* _Work to complete_: Quote each line of the material verbatim, without the pictures.

╭─ Recorded data

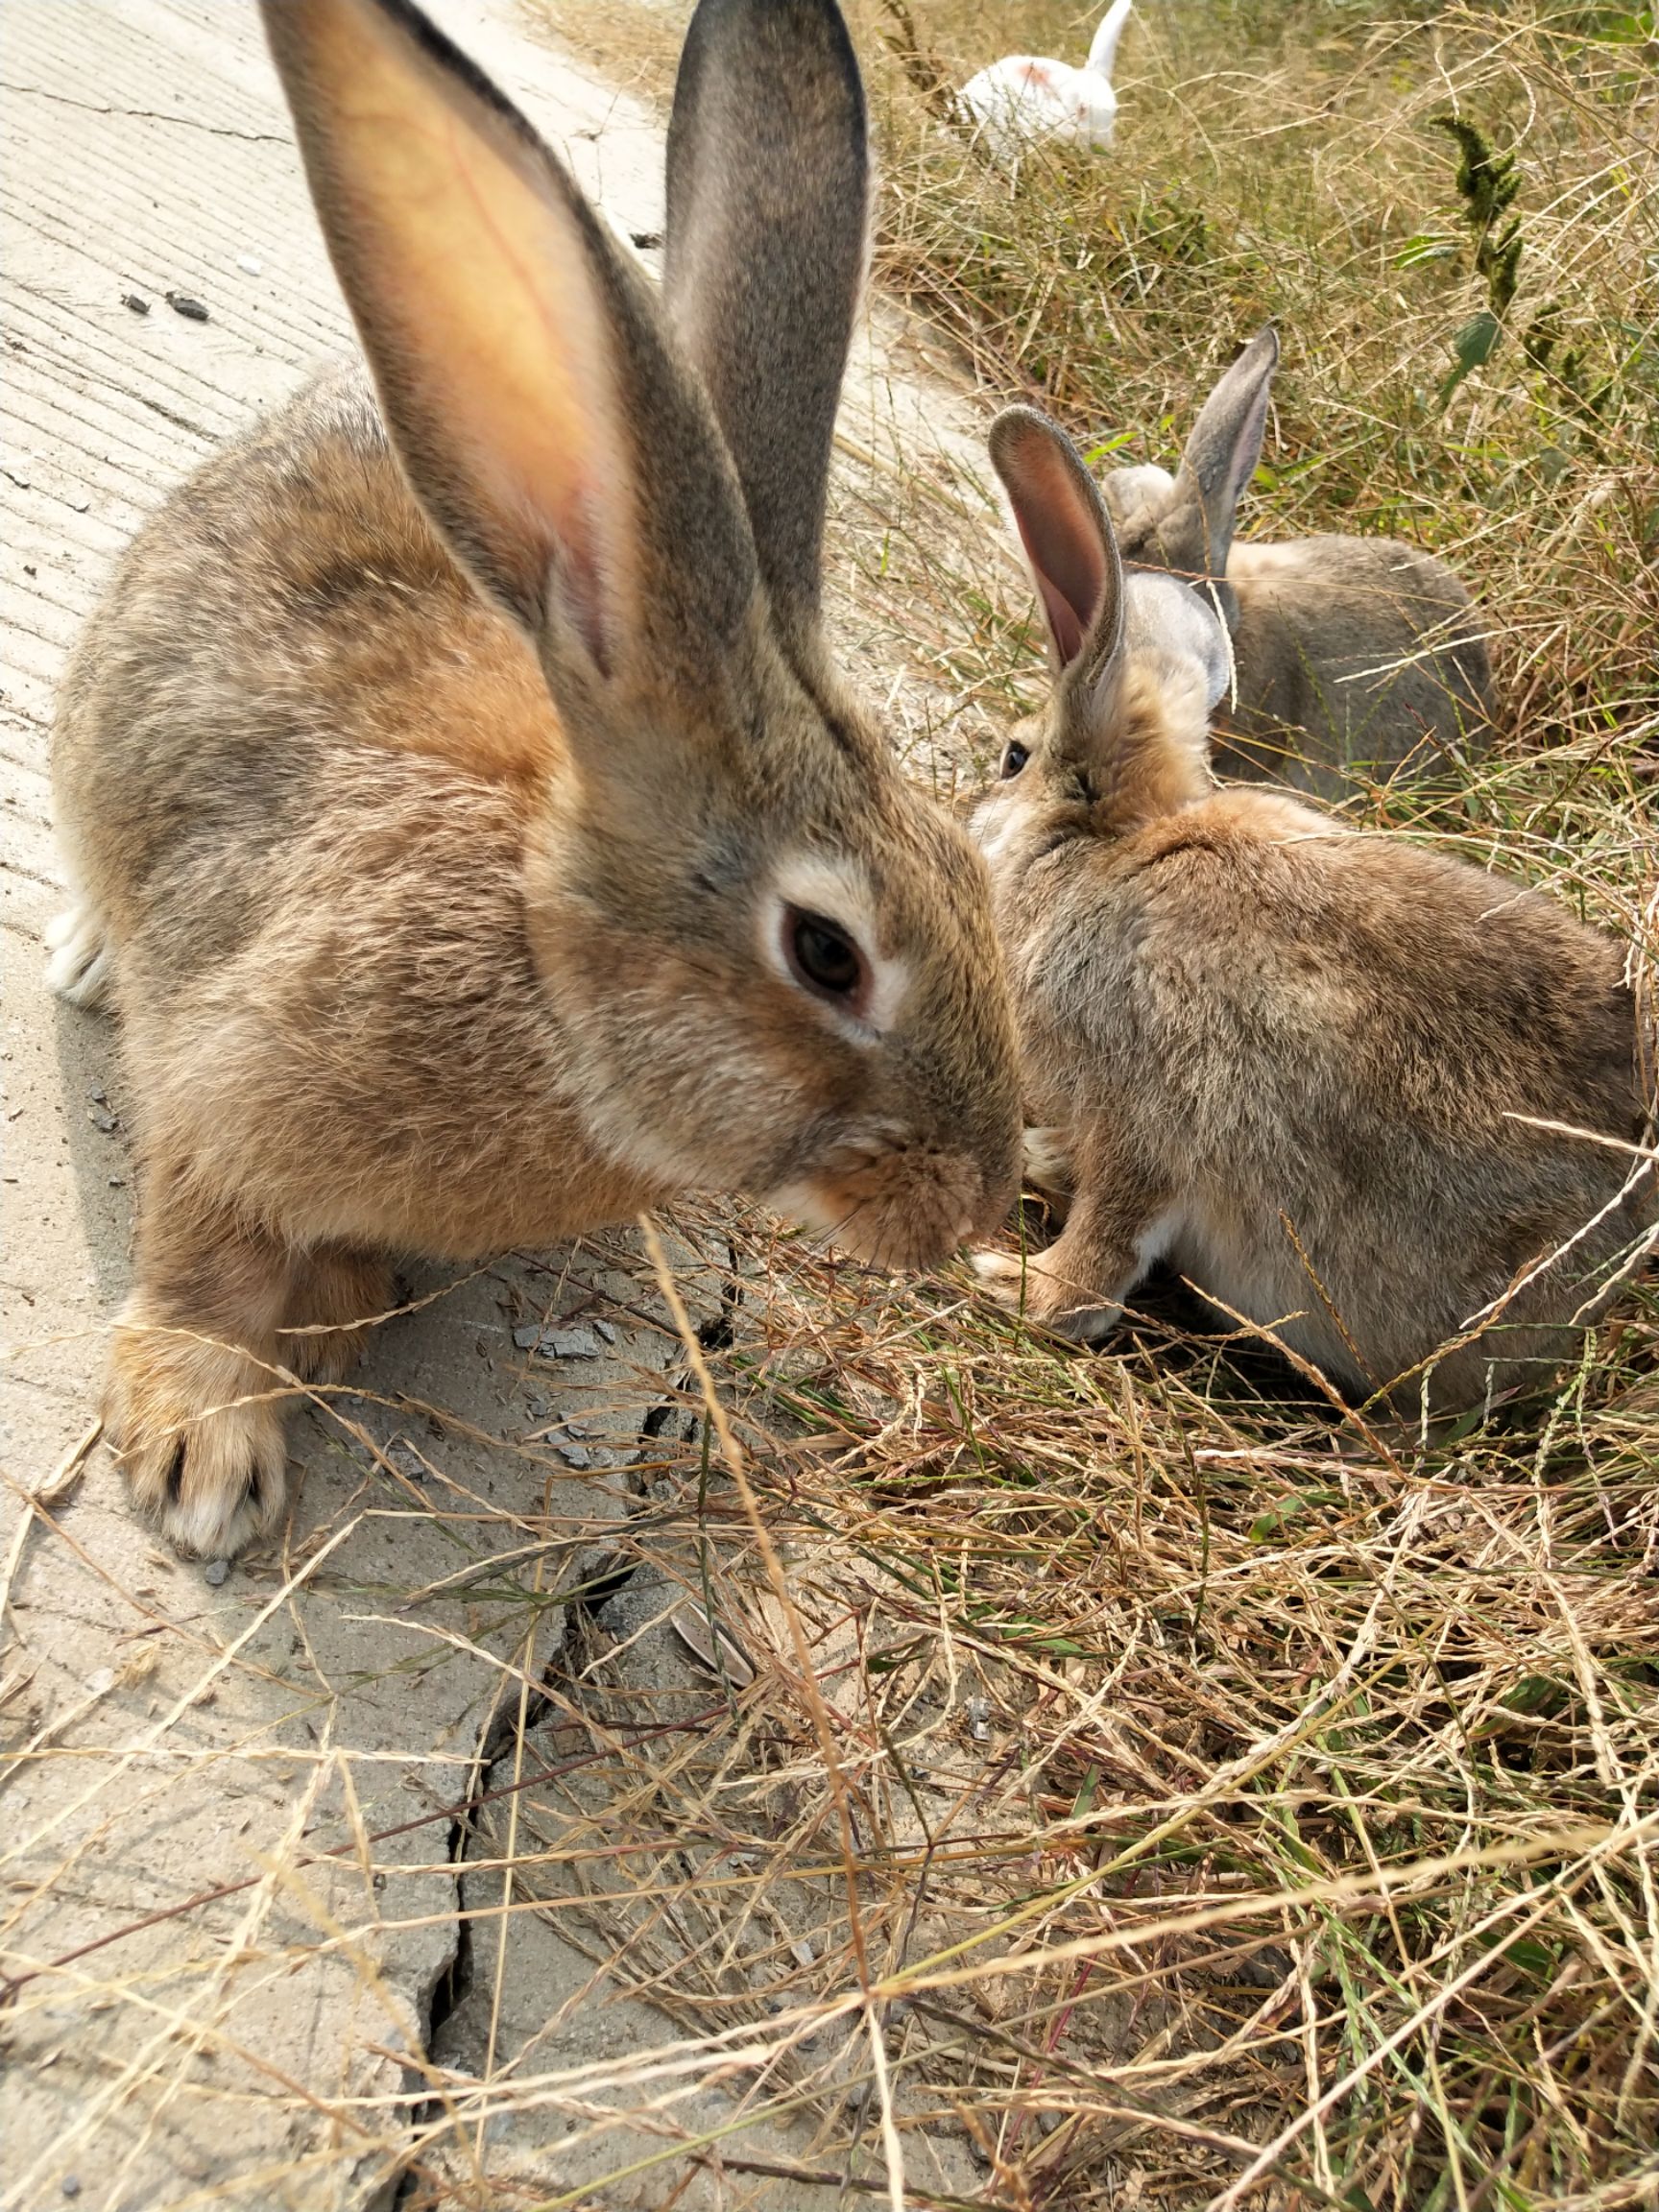 供应大厅  禽畜肉蛋  兔子  商品属性 品种名:比利时兔 单只重:3-5斤
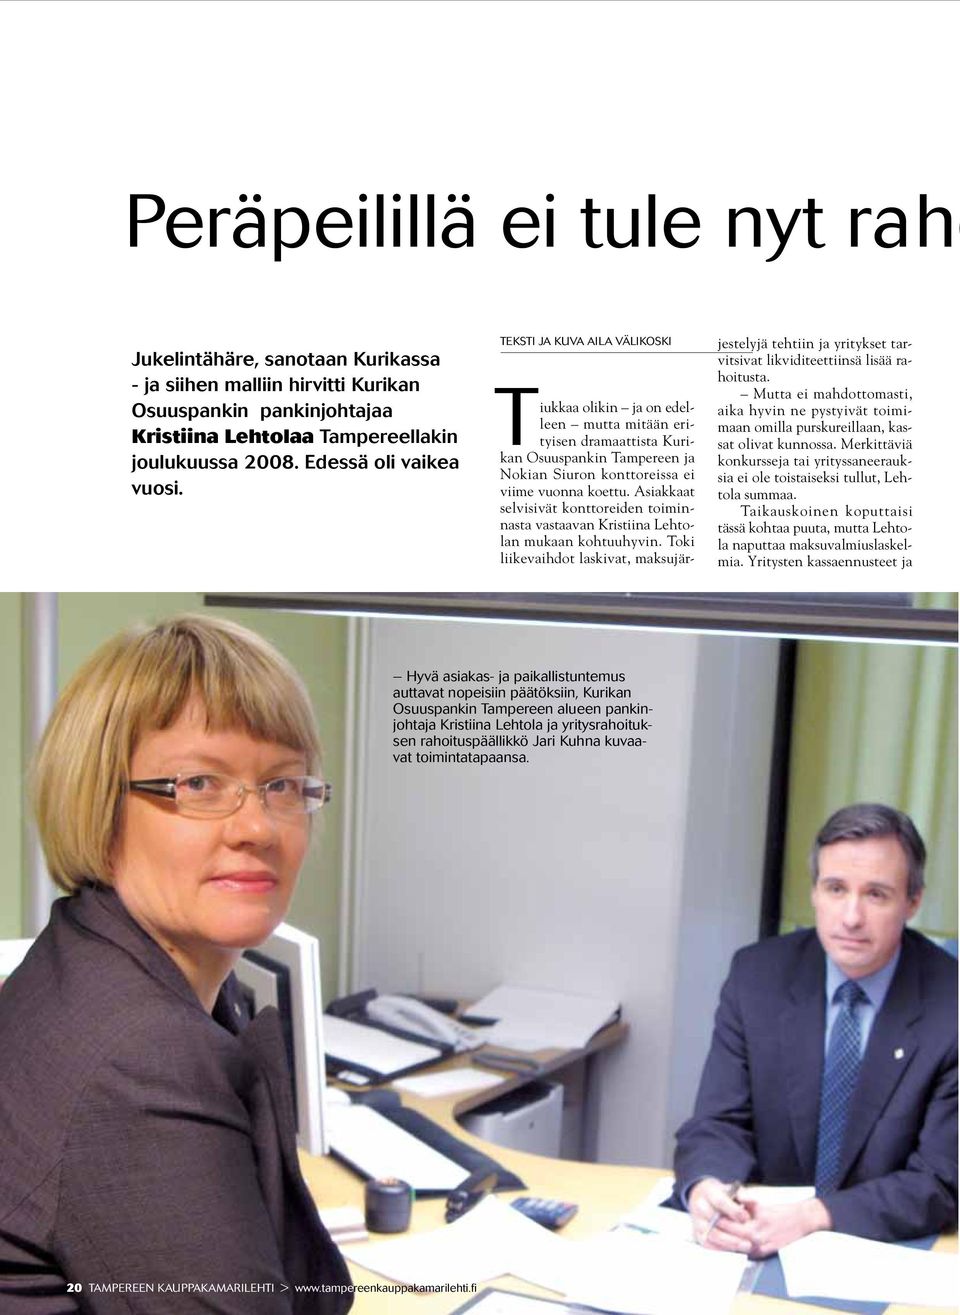 teksti ja kuva aila välikoski Tiukkaa olikin ja on edelleen mutta mitään erityisen dramaattista Kurikan Osuuspankin Tampereen ja Nokian Siuron konttoreissa ei viime vuonna koettu.
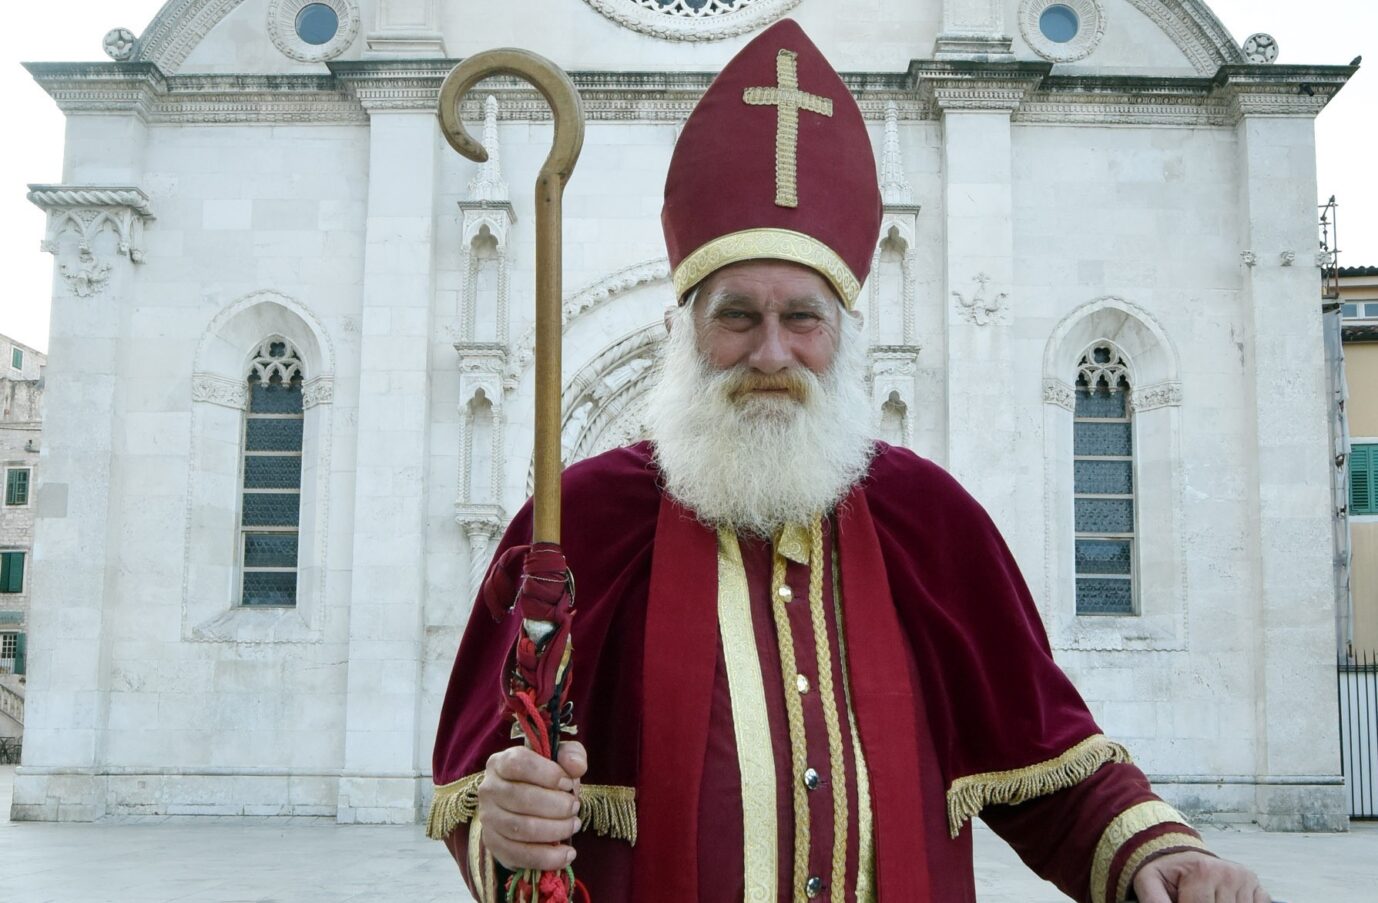 Hausverbot in Salzburg: Der klassische Nikolaus trägt eine Kopfbedeckung mit christlichem Kreuz.
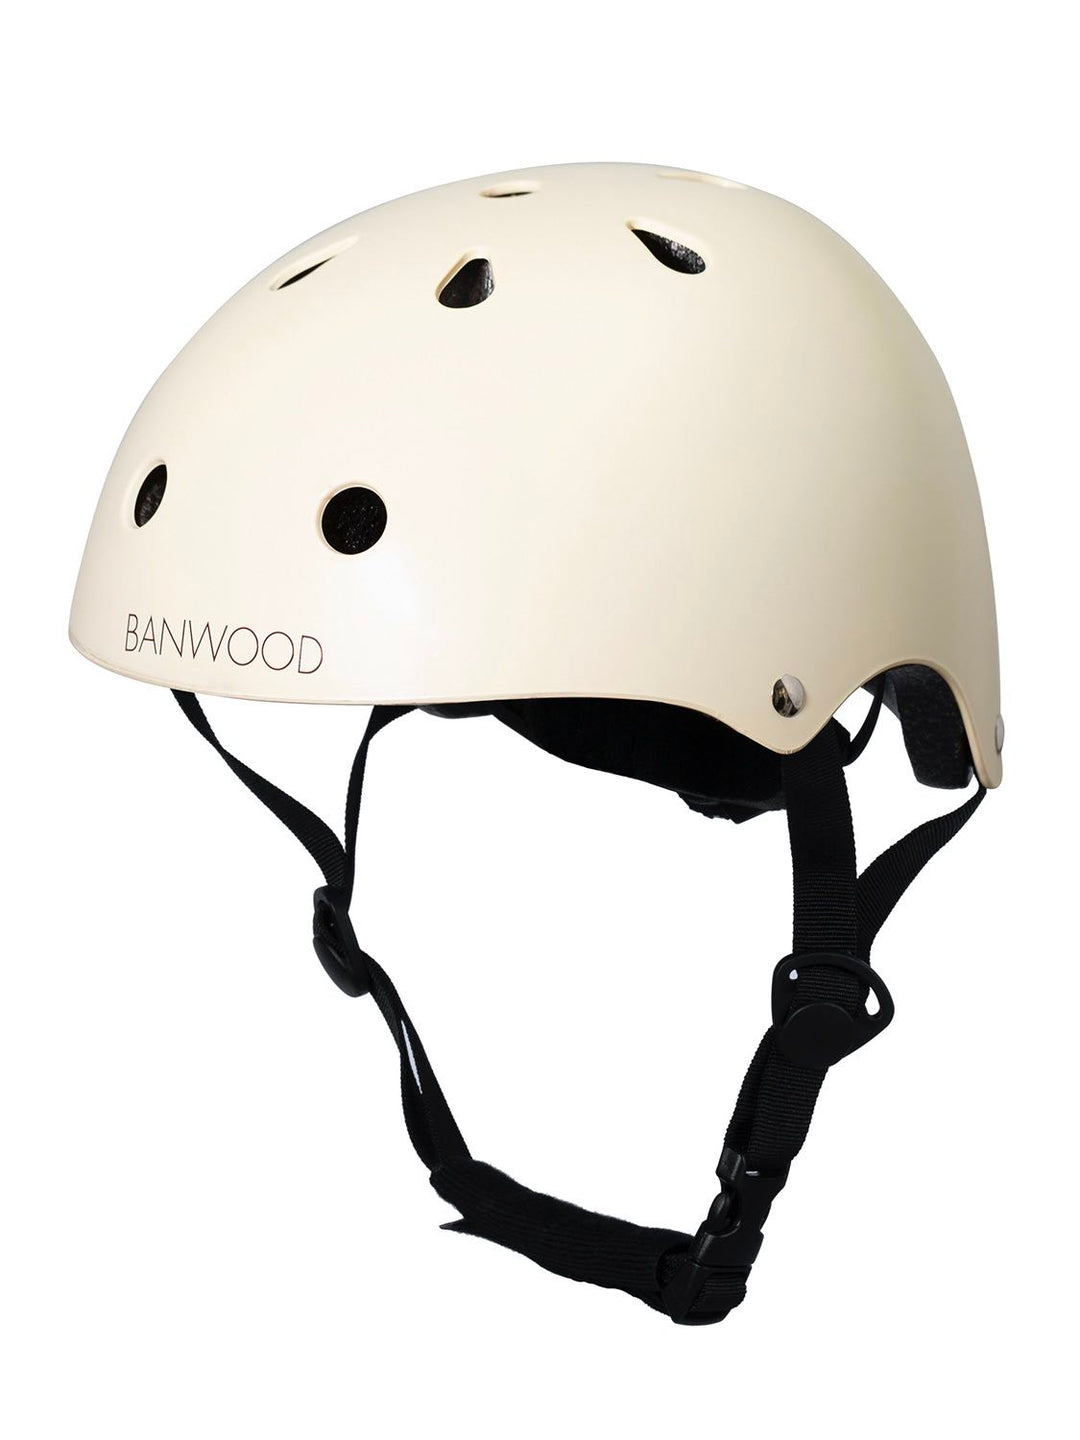 Banwood Classic Helmet in Cream

╰─

* _Answer space_:
 供应大厅  禽畜肉蛋  兔子  商品属性 品种名:比利时兔 单只重:3-5斤
 teksti ja kuva aila välikoski Tiukkaa olikin ja on edelleen mutta mitään erityisen dramaattista Kurikan Osuuspankin Tampereen ja Nokian Siuron konttoreissa ei viime vuonna koettu.
 Hausverbot in Salzburg: Der klassische Nikolaus trägt eine Kopfbedeckung mit christlichem Kreuz.
 Banwood Classic Helmet in Cream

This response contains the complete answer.